Clement remembered that during his predecessor’s reign Campeggio had been sent to England to ask Henry’s support in a crusade against the Turks. The mission had been a failure, but Campeggio had made himself agreeable, and had been given an English bishopric.

He said, “I have been thinking about the English. You know them. Do you understand them?”

“No. Nobody does. They do not even understand themselves. Of all people they are the most unpredictable—and the most hypocritical. Their King is typical of them all.”

“He failed to send the help he promised,” Clement agreed.

“I was thinking rather about his pious whimperings with regard to his conscience; he doubts the legality of his marriage yet he continues to cohabit with his wife.”

“So he should,” Clement said, gently but firmly. “Until the marriage is declared unlawful he would be wrong to put her aside.”

“Things come to my ears,” Campeggio said, “rumors with which no one would trouble your Holiness. And the latest thing I heard from England is that it is less a matter of his conscience than his liking for another lady—one of his wife’s maids-of-honor.”

“Oh,” Clement said. Rumor could never be relied upon, nor could it be discounted; there was often a grain of truth in the wildest story. “But even so—Kings allow themselves a good deal of latitude in such matters without attempting to overturn a marriage of long standing.”

“And so, no doubt, would he,” Campeggio said drily, “but the lady has some say in the matter. And her ultimate intention is surely signified by the fact that she has for three years resisted all his attempts to seduce her. Or so gossip says.”

“And that is a very unusual form for gossip to take! Do you know her name?”

“She is Anne Boleyn, daughter of Sir Thomas Boleyn, an upstart. On the distaff side the girl is well-connected. And one thing I do know about the English. If the King were ever in a position to marry her, they’d accept her. They think so highly of their Englishness that they’d regard an English commoner as more than the equal of any foreign princess.”

Clement was regarding the thing from a different angle.

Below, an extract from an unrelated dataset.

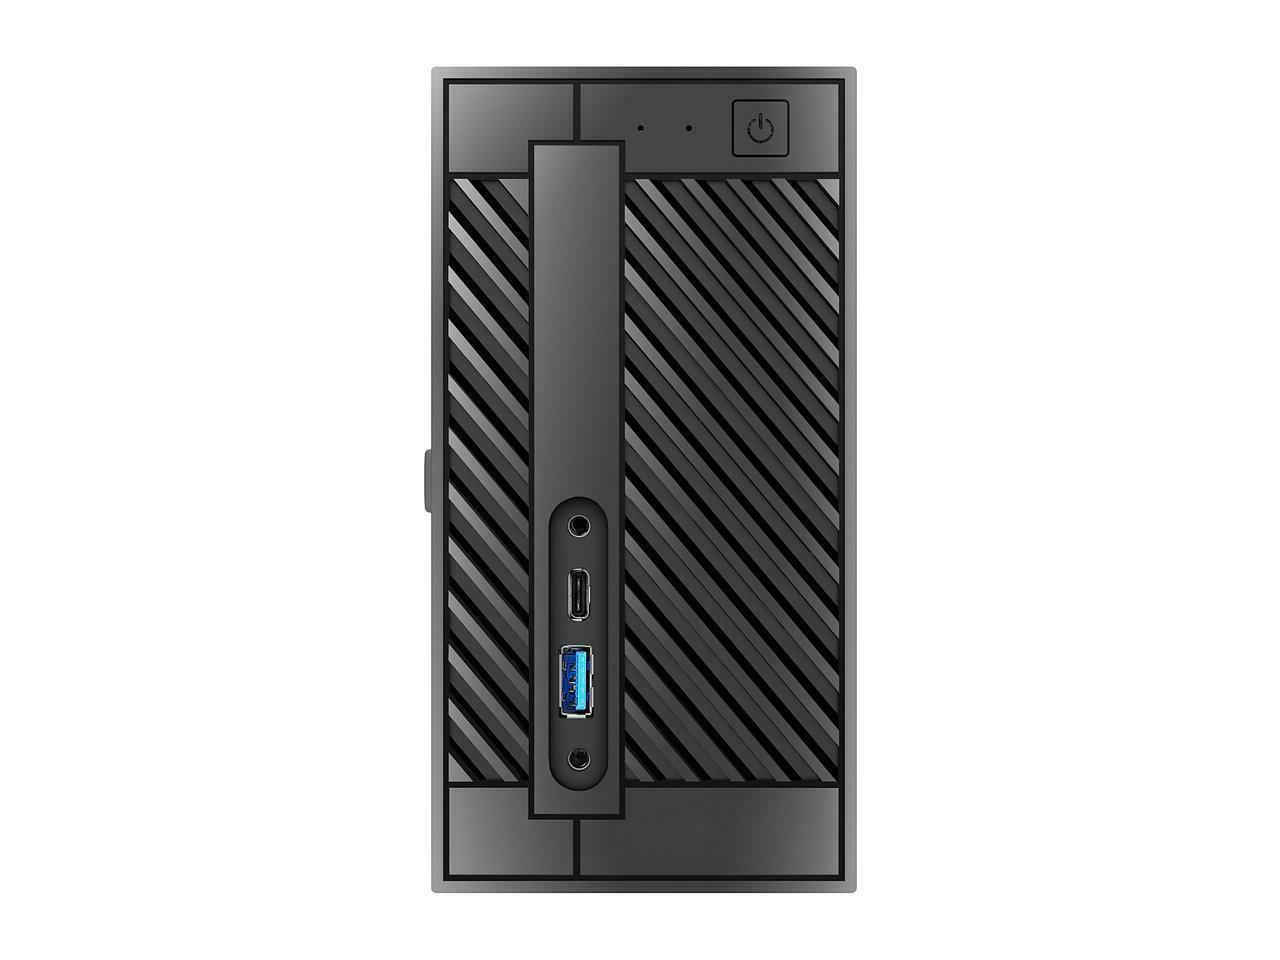 ASRock DeskMini 310W HTPC Intel i7-8700T 16GB |
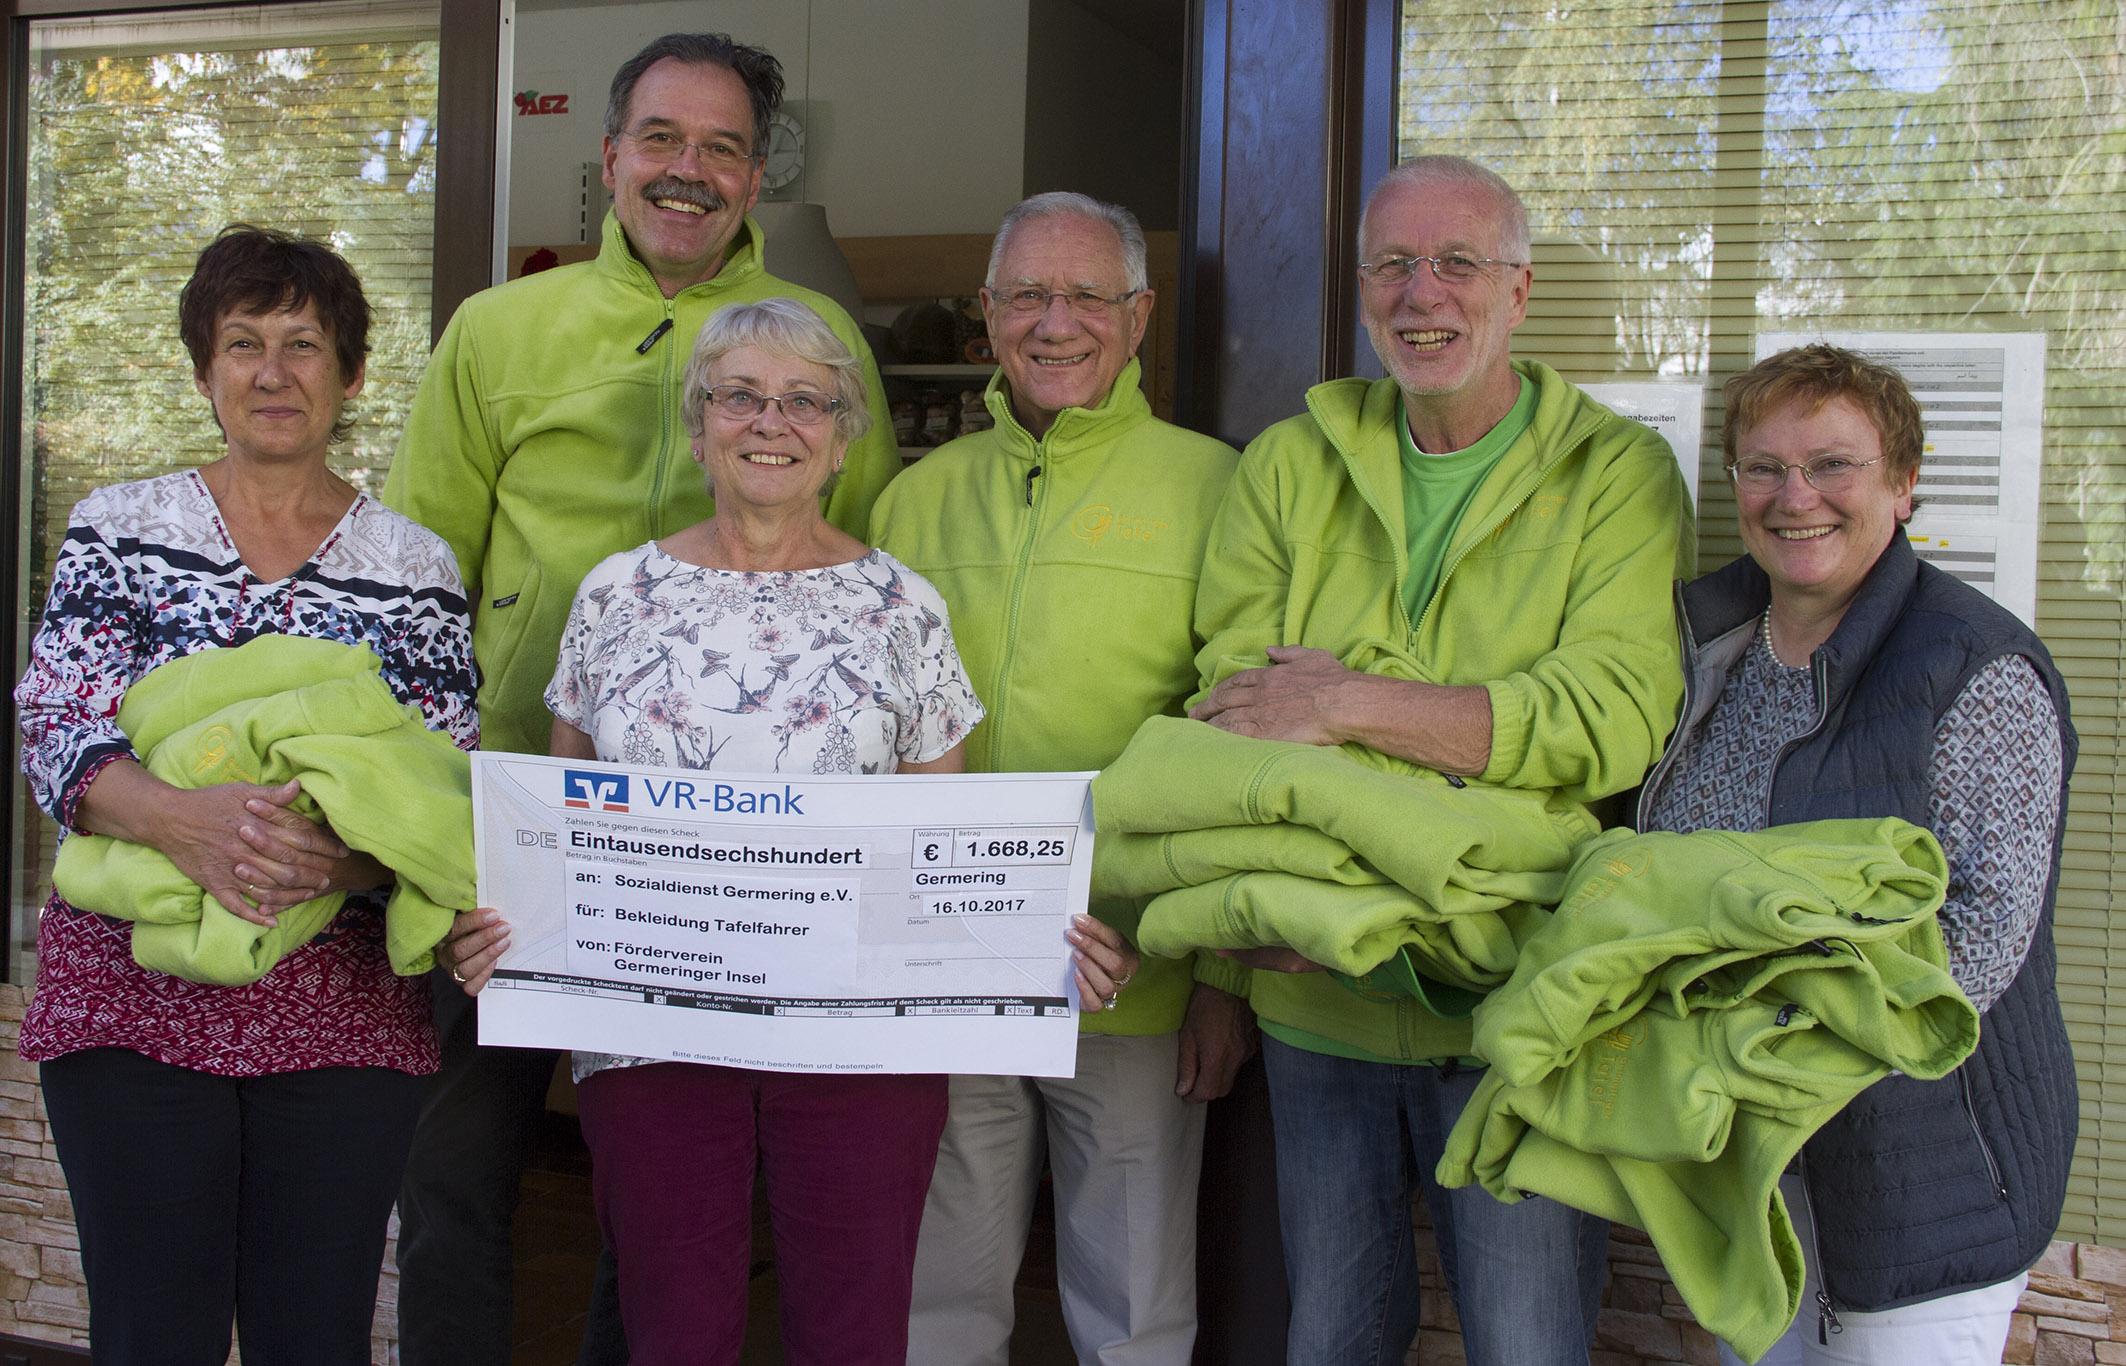 Der Förderverein Germeringer Insel spendet neue Kleidung für die Tafel-Mitarbeiter

“Boleyn. No friend to Wolsey.”

“Wolsey,” Campeggio said, “has no friends. He has henchmen, and tools and sycophants and partisans. But that is by the way. Wolsey is a sound churchman, he is opposed to any change. Thomas Boleyn, like all his kind, would welcome any change which brought them ten pence.”

“Lutheran?”

“No-o-o. That wouldn’t suit the King. He’s shrewd enough. He can see, as any sensible man would, that the logical end of heresy is anarchy. Throw down the Church and how long would the throne stand? This, going on outside there…” the noise came up to them, muted a little, but still clearly enough, for the screams of the victims to be distinguished from the drunken yells of the victors, “that is Luther’s work. Begin by treating your parish priest with contempt and you end by ignoring the orders of your own leader in war. Henry knows that. There’ll be no Lutherans in England while he sits on the throne. But there are many changes, short of that, which might come about if new men like Thomas Boleyn ever had, say, half the power Wolsey now holds. The English,” he hesitated; he had no wish to depress Clement any further; on the other hand an hour of gossip and mere academic discussion might help to divert him. “The English have never, I feel, been fully integrated; they’re Christian, some are even pious, but their Englishness gets in the way; they have this ancient law against receiving instructions from any outside power; it has never been repealed and could at a moment’s notice be considered to apply even to a Papal Bull. There was that London tailor, Richard Hunne, who if he hadn’t lost his nerve and hanged himself before his trial, was prepared to sue his parish priest under that old law, you may remember. They resent paying what they call Peter’s Pence; they resent the payment of annates; they troop in their thousands to the shrine of St. Thomas à Becket, and one out of every two boys born in England is named for him, but if the same situation arose again and the King fell out with a Bishop—they’d take the King’s side to a man. A very curious people; one has only to watch them keeping Christmas to realize that.”